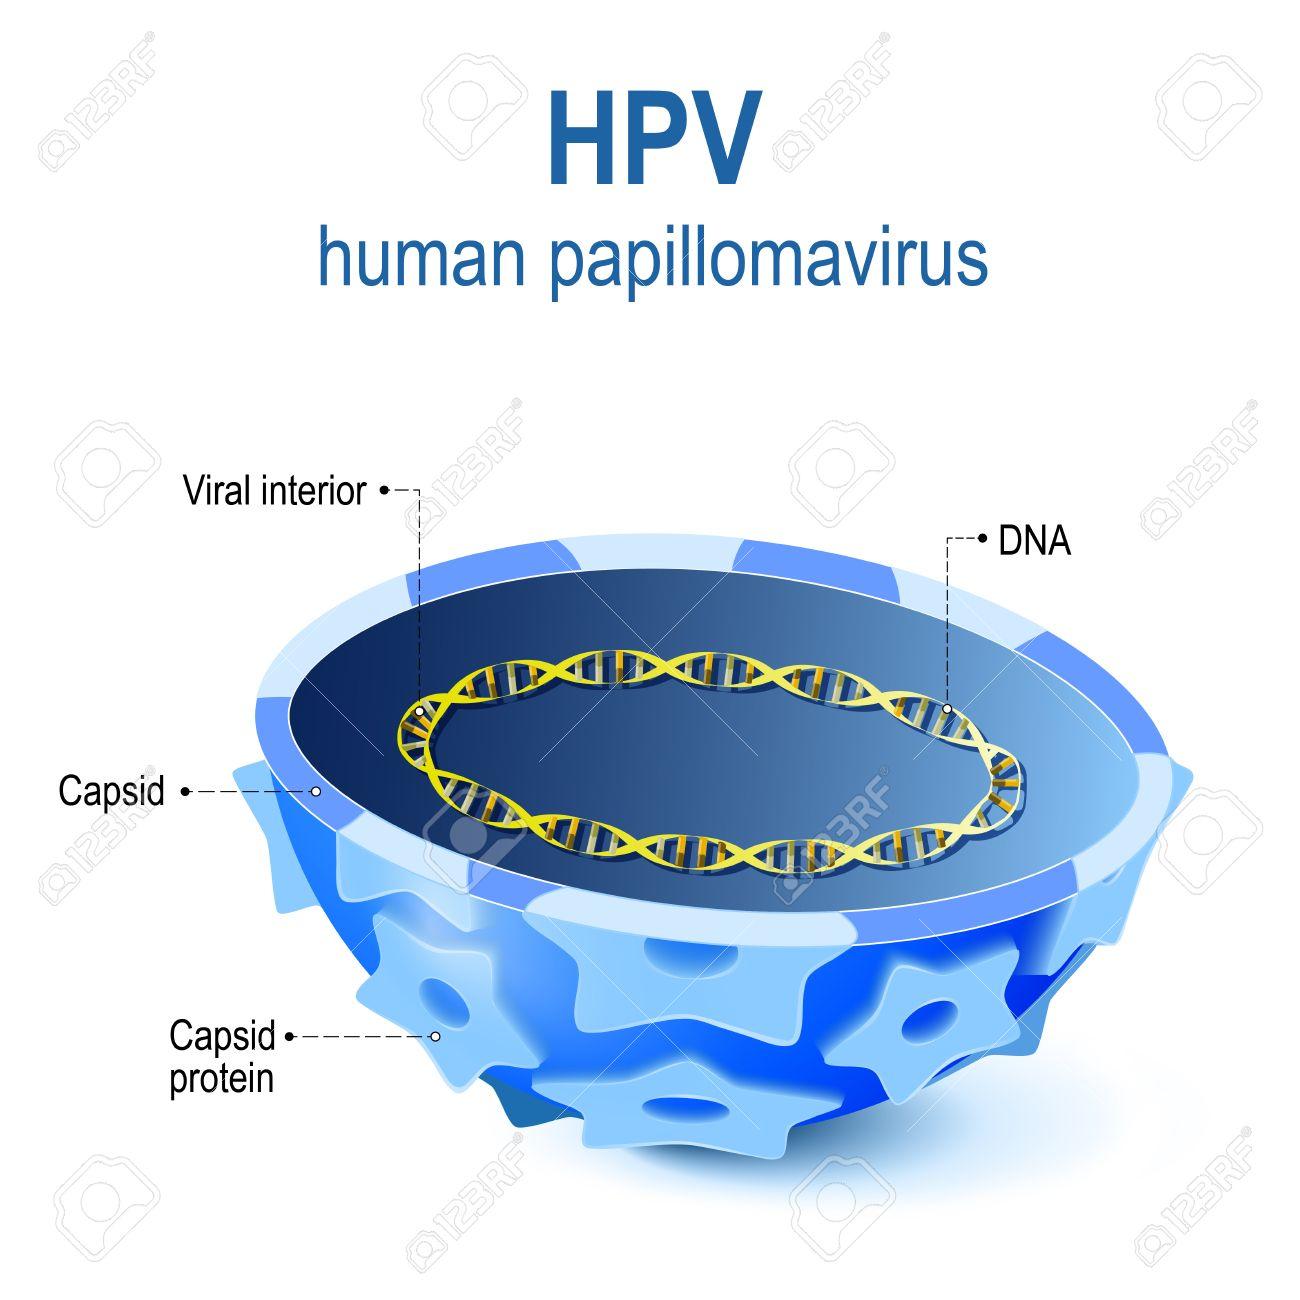 human papillomavirus structure human papillomavirus usmle
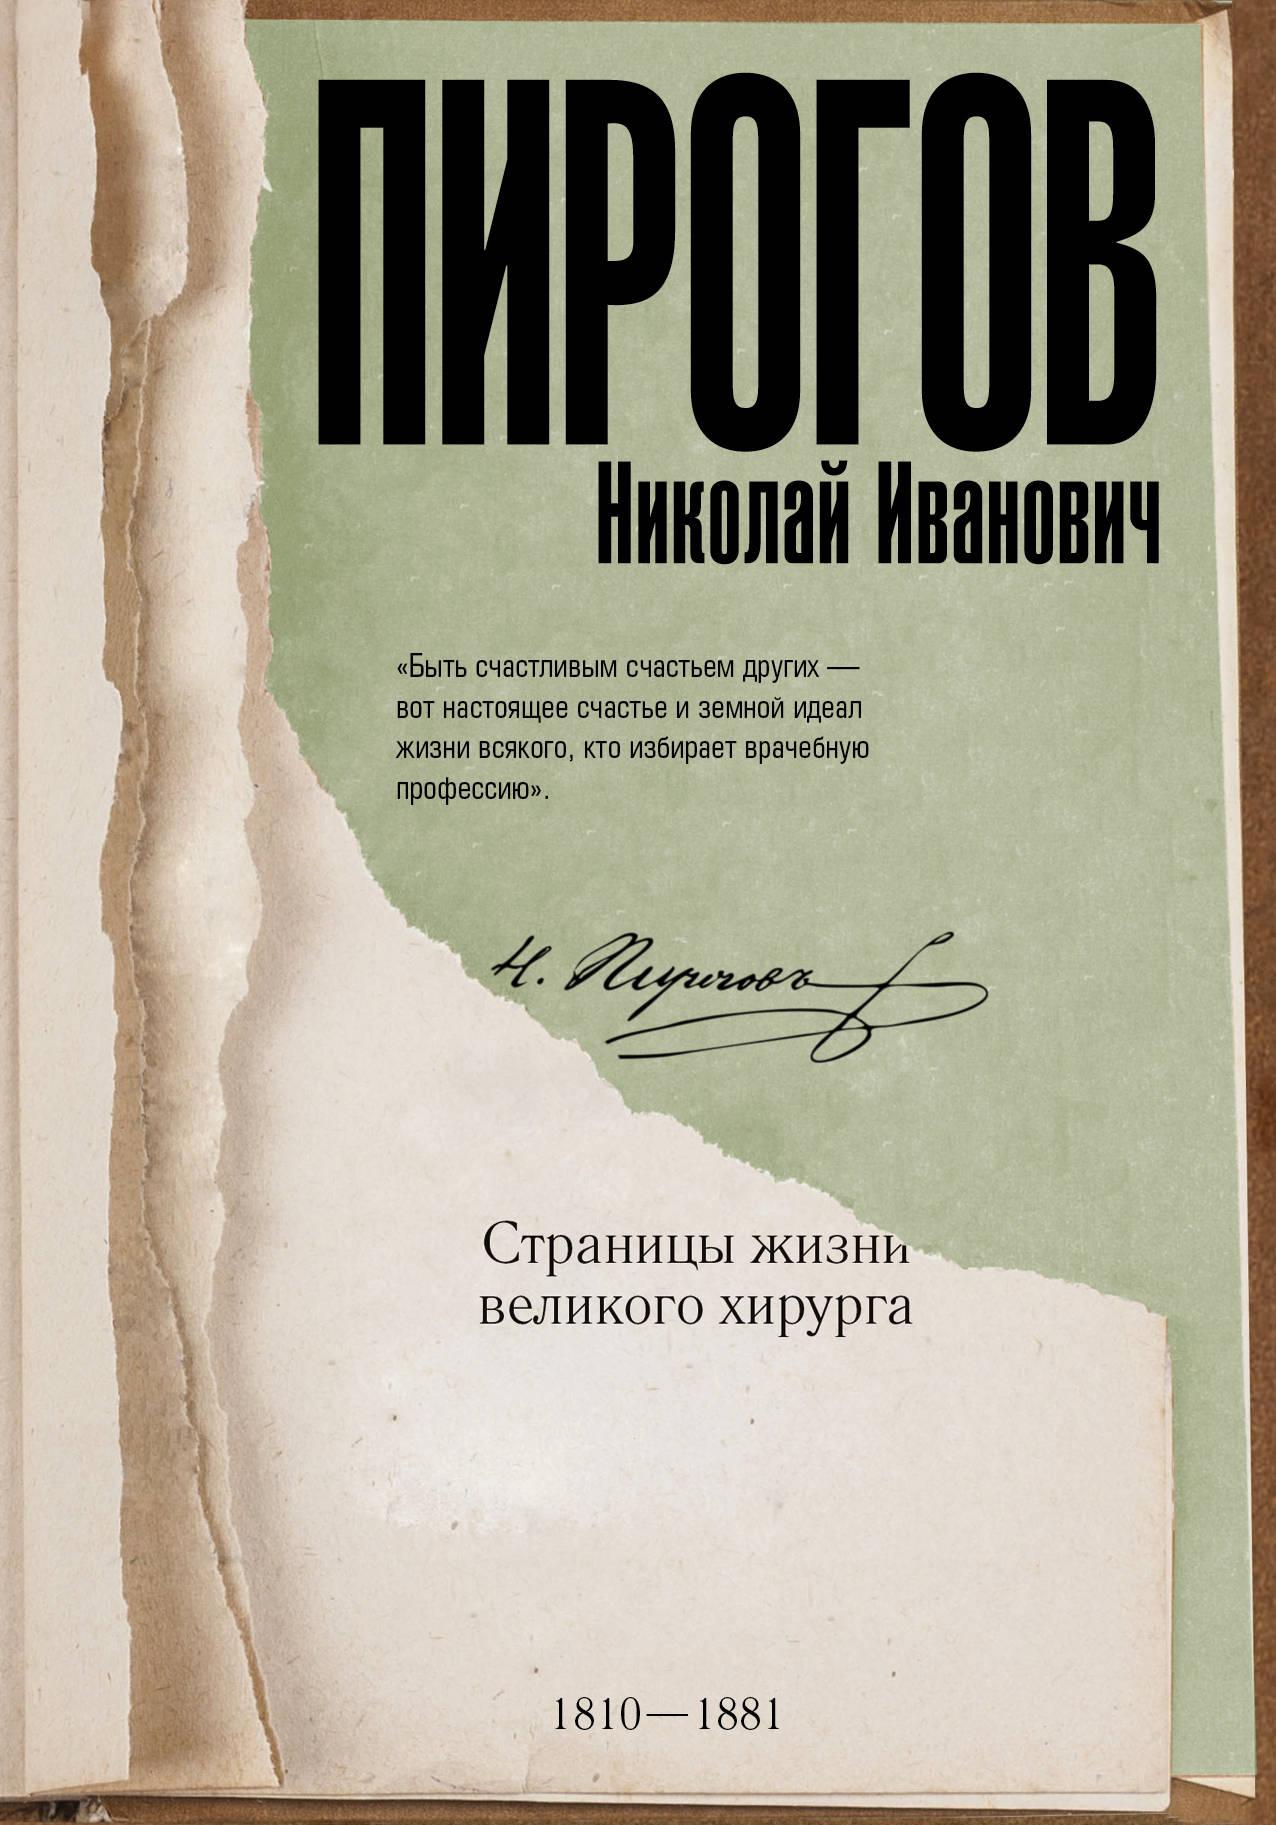 «Биография Николая Пирогова»
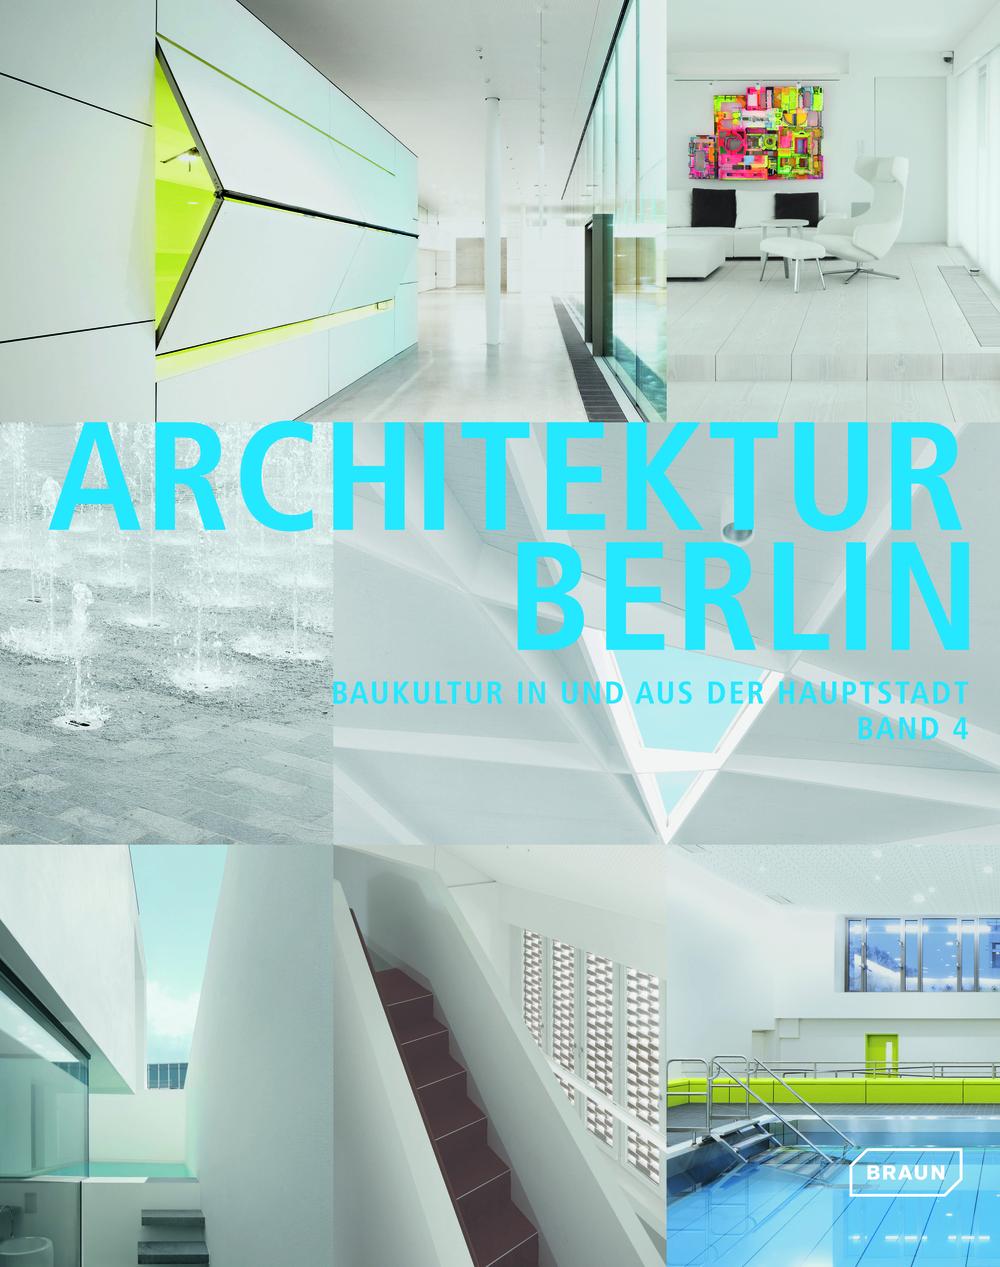 ARCHITEKTUR BERLIN BAND 4 –Baukultur in und aus der Hauptstadt

## Task objective
Repeat every line above exactly, but omit all images.

## Output for this task
 human papillomavirus structure human papillomavirus usmle
 «Биография Николая Пирогова»
 ARCHITEKTUR BERLIN BAND 4 –Baukultur in und aus der Hauptstadt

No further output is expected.